Keywords: Digital Watermarking Discrete Cosine Transform, Discrete Wavelet Transform, Communication Channel
Since, Computer and Internet make the world become digitization because the security issues arise for the secure communication. Digital watermarking is a technique to embed the data for communication. After embedding the watermark the specific algorithm is applied. Here we applied proposed transform based on DCT-DWT watermarking technique. Once the watermark being inserted into original image; the quality of original image would be changed. The watermark may be in text, image, audio or video form. This watermark inserted image to be transmitted over any communication channel. The noise of the channel can affect the watermarked image, so the watermark extraction process has to be robust for all type of attacks . Attack doesnt mean to destroy the watermark but system performance can be degraded because of attacks. To enhance the system performance we proposed DCT-DWT based watermarking.
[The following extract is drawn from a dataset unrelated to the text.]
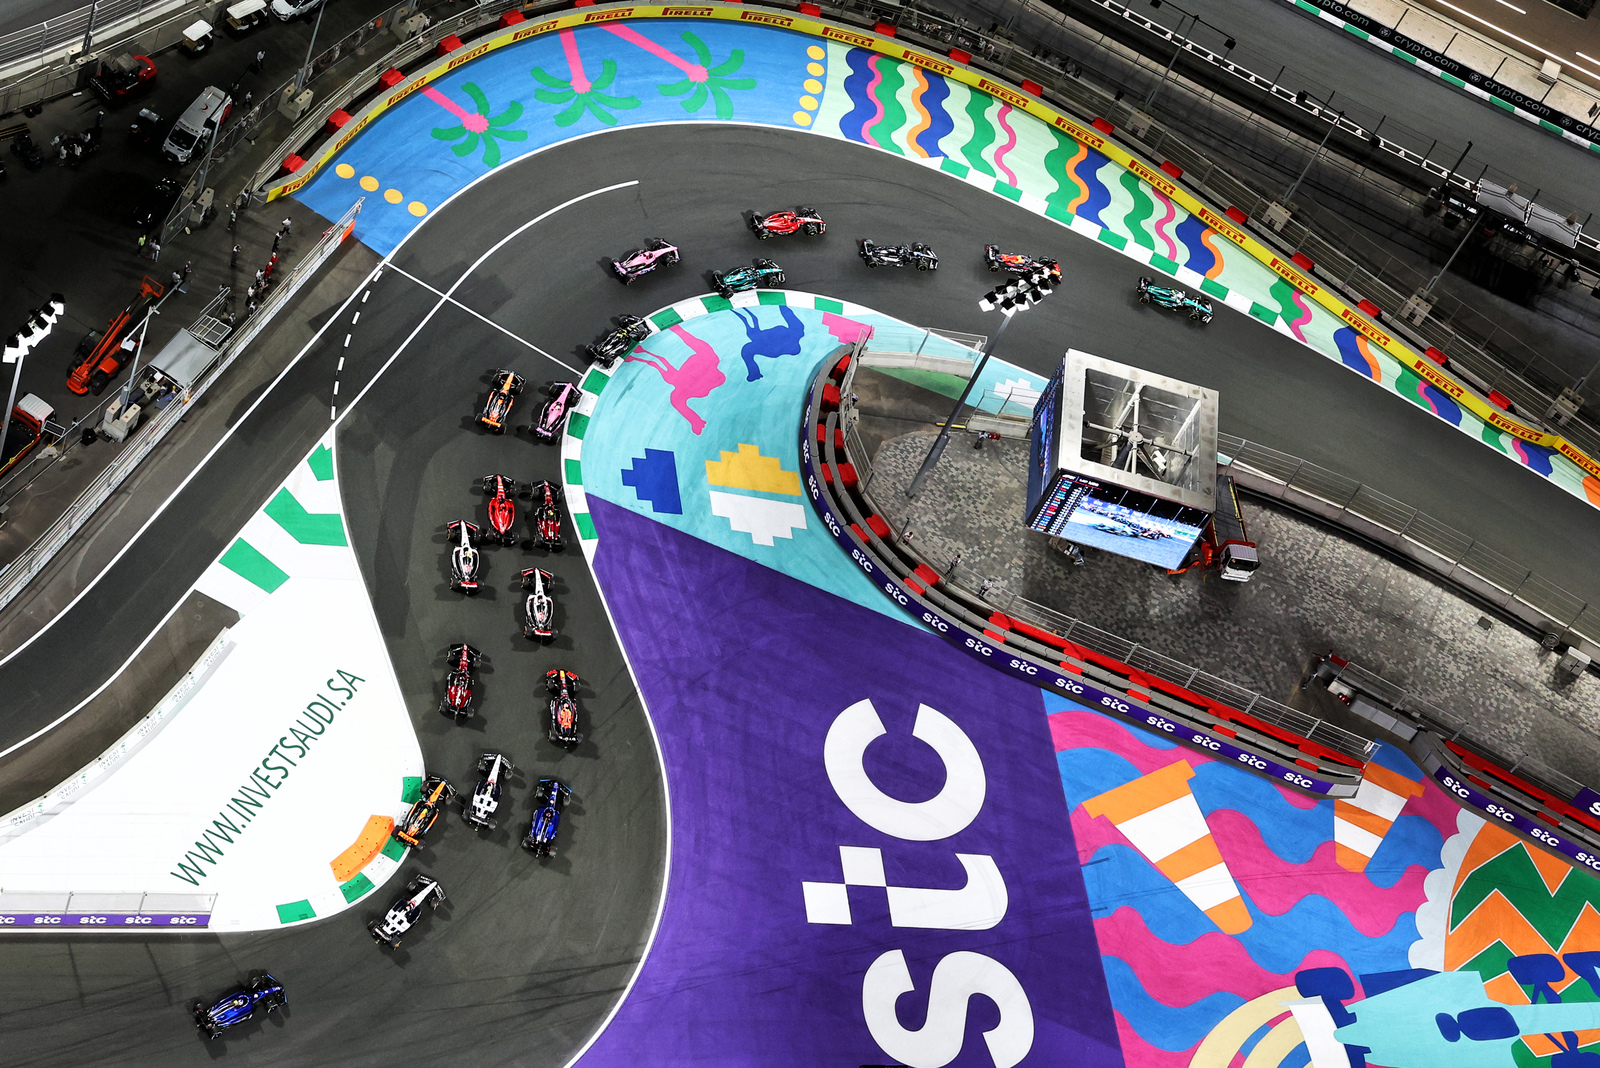 Motor Racing Formula One World Championship Saudi Arabian Grand Prix Race Day Jeddah, Saudi Arabia

The use of digitally formatted image and video formation is rapidly increasing with the development of multimedia broadcasting, network databases and electronic publishing. This evolution provides many advantages as easy, fast and inexpensive duplication of products.
The technology of digital communication is growing very fast so the technology should be reliable and robust for protecting the data in digital communication like digital images, audio, text and video from piracy. If the illegal data is transmitted over a network, content modification, production of illegal copies of data and retransmission of illegal copies of data is piracy which effects in terms of financial and security issues. In the transmission of watermarked image over a communication channel the watermarked image may be corrupted or degraded because of channel noise.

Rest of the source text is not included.